When You Lead A Remote Team, Your Feedback Must Be Shared Immediately After A Problem or Just Before
When leading a remote team, any feedback you delay is inferior feedback. You would think the opposite: Things are more relaxed now, and I can let him know next week, in our one-on-one meeting. I don’t want to create stress over the weekend.
Wrong. Once-a-year, once-a-quarter, or even once-a-week feedback is all ineffective. Why? Because when time passes after you notice a problem and you delay the feedback, everyone gets nervous and your suggestions gets stale or even rotten.

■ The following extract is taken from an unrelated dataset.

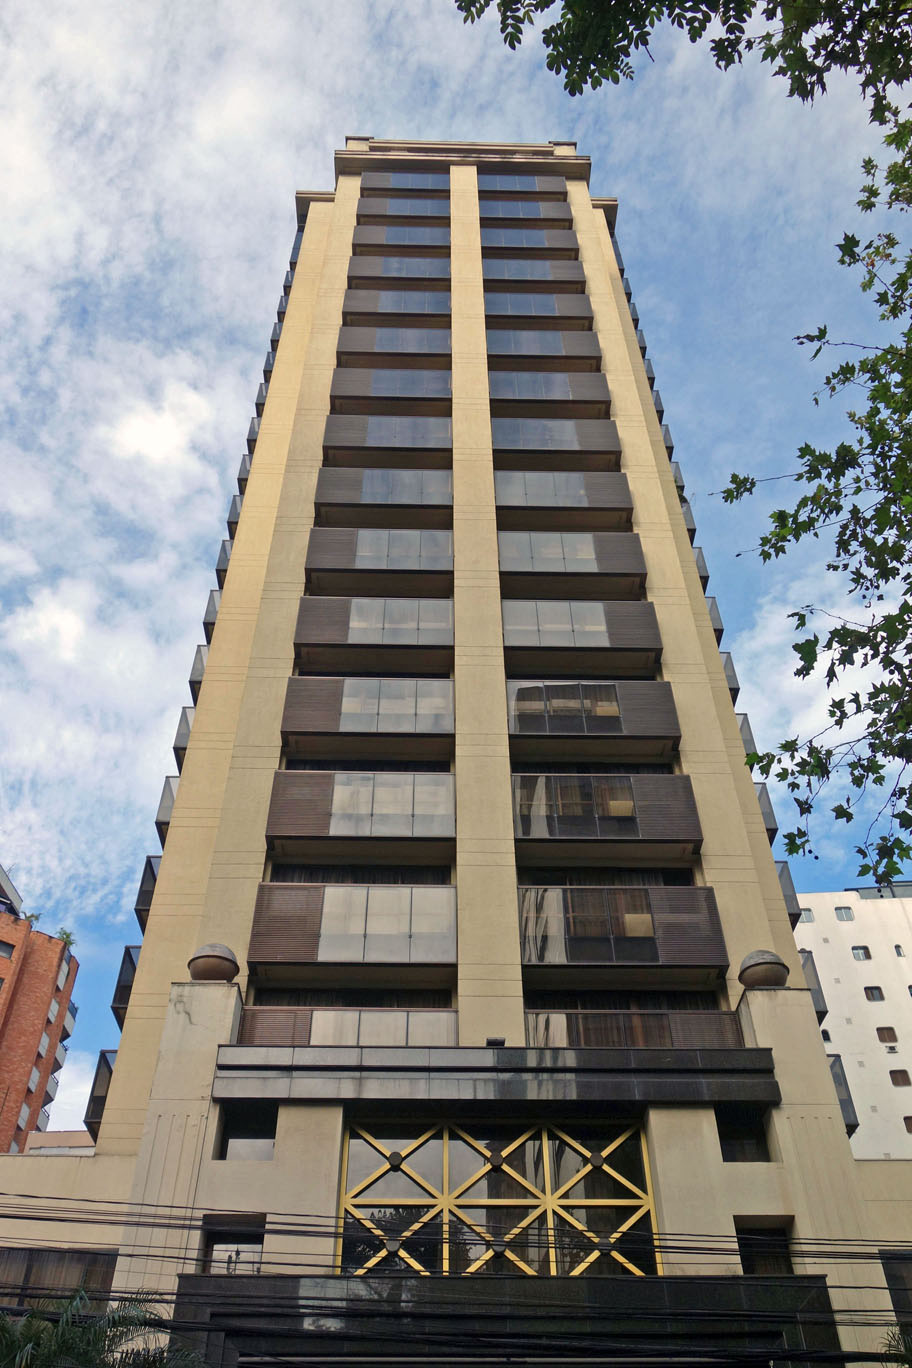 Обзор: DoubleTree by Hilton Itaim, Сан-Паулу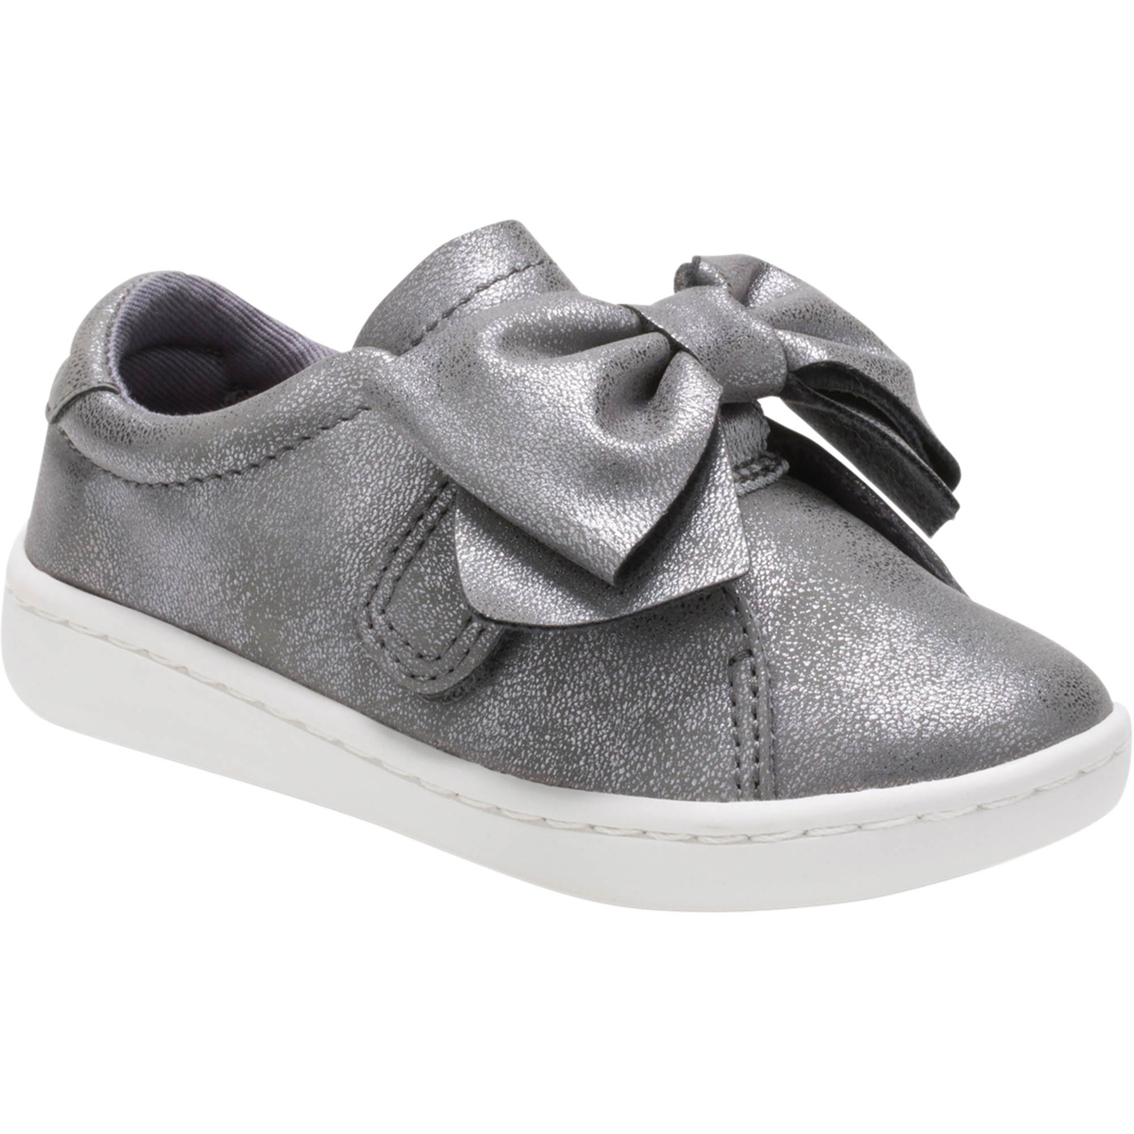 6d3b4e618708f Keds Toddler Girls Ace Bow Jr. Sneakers

You are eroding trust at a fast pace.
Feedback Delays Create Greater Anxiety When You’re Remote In a remote setting, a delay automatically raises everyone’s anxiety level, even more than it would if you officed in the same location and saw them informally, face to face.
You wonder before the feedback: How will this person take it? Will it sour their mood and get them upset with me, especially because we’re not face to face?
Employees wonder after the feedback: Why didn’t you just tell me when it happened? Why is this conversation such a big deal? I guess you didn’t feel comfortable just telling me…I guess we’re not all that close… I need to be careful as I’m not sure what this boss (or co-worker) is thinking
For both people, the brain easily goes into fear mode. A fight-or-flight response robs your ability to help the person improve and robs their motivation to truly learn from the experience. And such stress reactions in the brain are more probable when you remotely work from the others on your team.
Overdeliver with feedback timeliness to create trust Trust is the magic bullet, and honest, timely communication is the number one way to build trust. Trust that’s built in a time of conflict, stress, or challenging goals is trust that can be counted on again and again. Shallow social niceties in good times don’t stretch the trust muscle at all and can’t be counted on for future challenges.
Two best times to give feedback In most situations, an immediate phone call is best. Emphasize what you want to see changed for next time. The other best time is just before the next time when you can easily focus on the desired behavior and share how the problem behavior didn’t work as well last time. You are motivating them to get it right this time, and they’re not likely to become stressed at future-focused feedback. If there will be a long time period between the problem incident and their next opportunity, be sure to share the feedback right away and prevent the erosion of trust that can occur if you “drop it” later.
These are hard habits to get into, but the best thing for you is how this approach to feedback actually creates trust and credibility you can use for all aspects of your team pursuits!